Il provvedimento dà dunque conto che una delle manifestazioni di interesse, evidentemente quella dell’odierna ricorrente, non sia stata seguita dall’invito a presentare offerta tecnica. Non viene tuttavia spiegato per quali ragioni l’invito sia stato omesso.
Alla stregua dei principi suindicati una motivazione sarebbe stata necessaria, in quanto solo attraverso di essa l’amministrazione può esercitare la discrezionalità che le è attribuita in ordine alla scelta dell’affidatario, nelle procedure come quella in esame.
Peraltro, nel caso di specie non viene neanche in rilievo una scelta discrezionale a favore di una offerta piuttosto che di un'altra, ma la decisione in nuce di non invitare a presentare l’offerta una delle ditte che aveva proposto la manifestazione di interesse, il che avrebbe richiesto una motivazione rafforzata, costituendo una deroga ai principi di imparzialità e dell’accesso al mercato.
In mancanza di una congrua motivazione sul punto, il motivo è fondato.

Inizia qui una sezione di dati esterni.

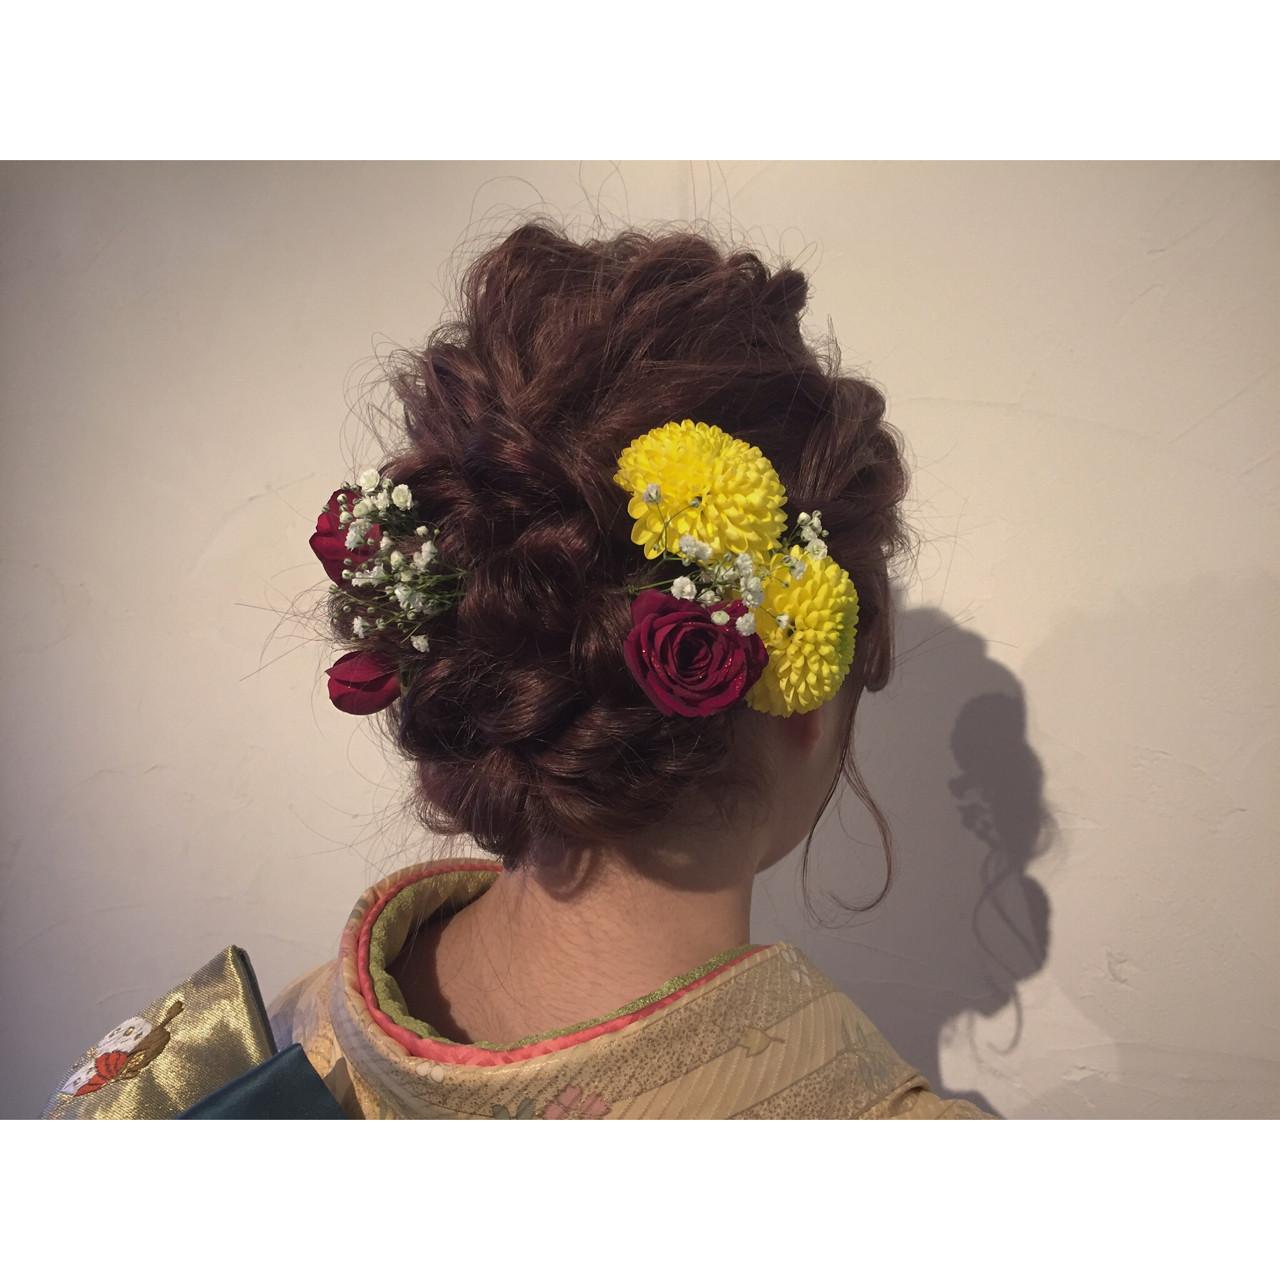 ヘアアレンジ ラフ ロング 花 ヘアスタイルや髪型の写真・画像

Per l’effetto il ricorso va accolto con conseguente annullamento della determina n. 949 del 29 settembre 2025 del Comune di Girifalco.
Le spese, liquidate nella misura indicata nel dispositivo, seguono la soccombenza e devono essere poste a carico del Comune di Girifalco, non anche in capo alla controinteressata, che non risulta aver avuto alcun ruolo nel vizio che ha dato causa all’annullamento.
P.Q.M.
Il Tribunale Amministrativo Regionale per la Calabria (Sezione Seconda), definitivamente pronunciando sul ricorso, come in epigrafe proposto, lo accoglie e, per l’effetto, annulla la determina n. 949 del 29 settembre 2025 del Comune di Girifalco.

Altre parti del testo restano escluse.